D’autant que monter en gamme ne se fera pas d’un claquement de doigts : il faudra plusieurs saisons à Jacquemus pour trouver les bons fournisseurs et fabricants, qui sont déjà préemptés par les grands groupes. Le designer admet qu’il lui « reste beaucoup de savoir-faire à acquérir », mais, avec l’art du storytelling qui le caractérise, promet aussi qu’il va « passer tout le reste de [sa] vie à faire de meilleurs produits ».

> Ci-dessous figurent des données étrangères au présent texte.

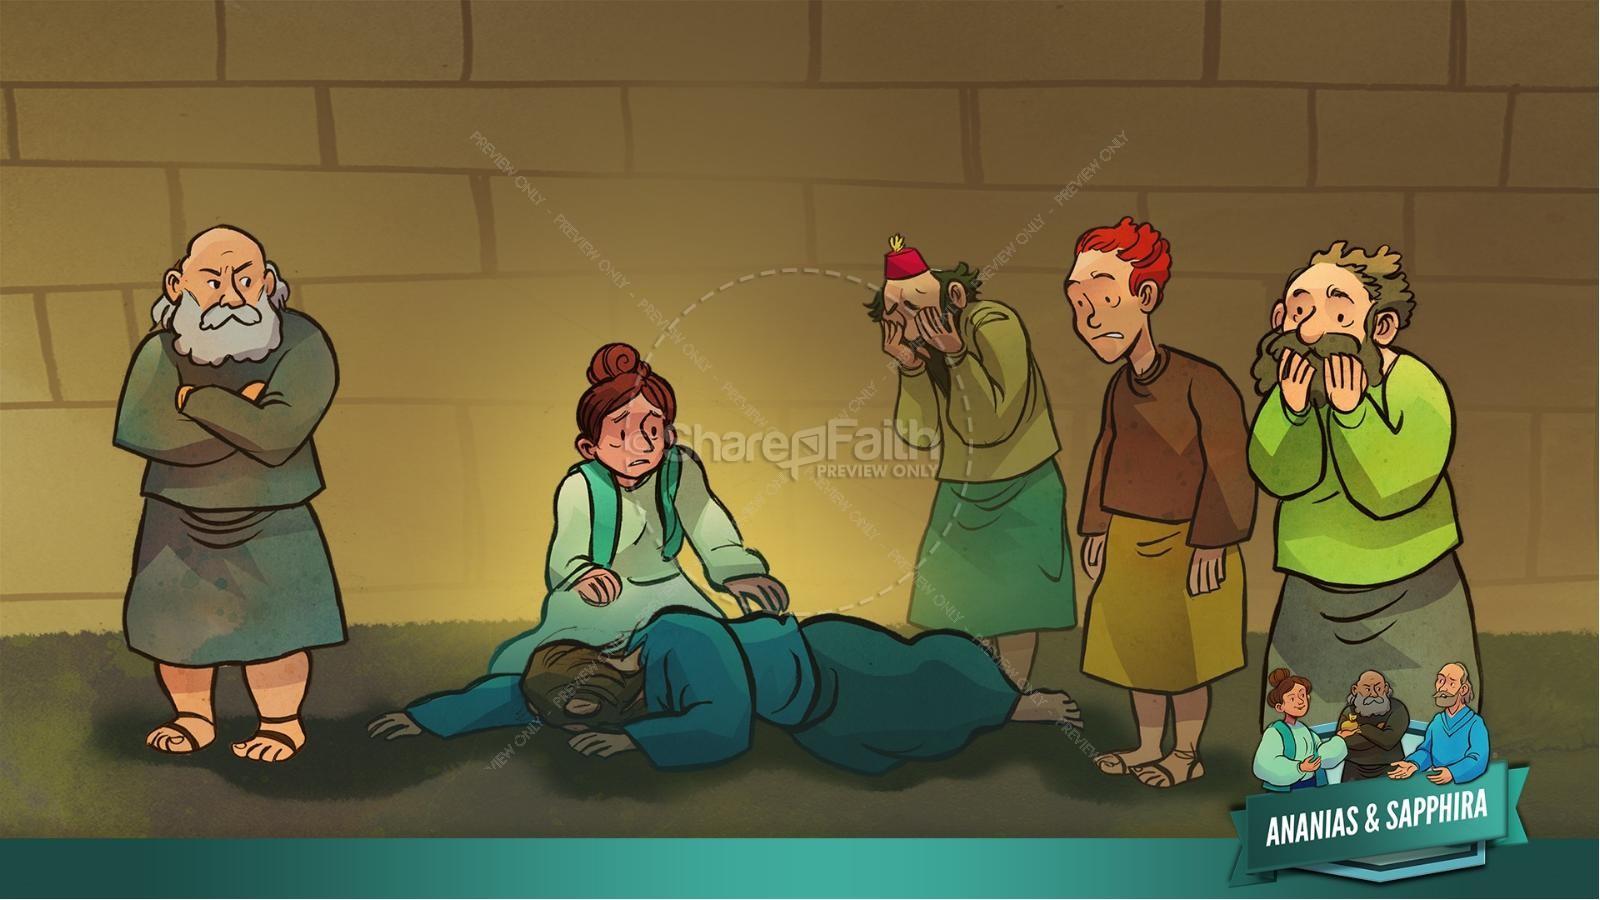 Acts 5 Ananias and Sapphira Kids Bible Stories | slide 24

« Je ne me considère pas comme une marque de luxe, mais peut-être que mes enfants la verront ainsi », devisait-il sur le toit de la villa Malaparte, devant ses quarante invités – parmi lesquels Gwyneth Paltrow, Dua Lipa ou Laetitia Casta. Il est difficile de prédire si le repositionnement de Jacquemus suffira à assurer la longévité de sa marque dans un univers aussi concurrentiel. En tout cas, à Capri, le designer a encore témoigné de sa capacité à mettre en scène des défilés hors du commun. Un talent convoité qu’il pourrait toujours proposer à la concurrence si jamais ses rêves de grandeur ne se réalisaient pas comme prévu.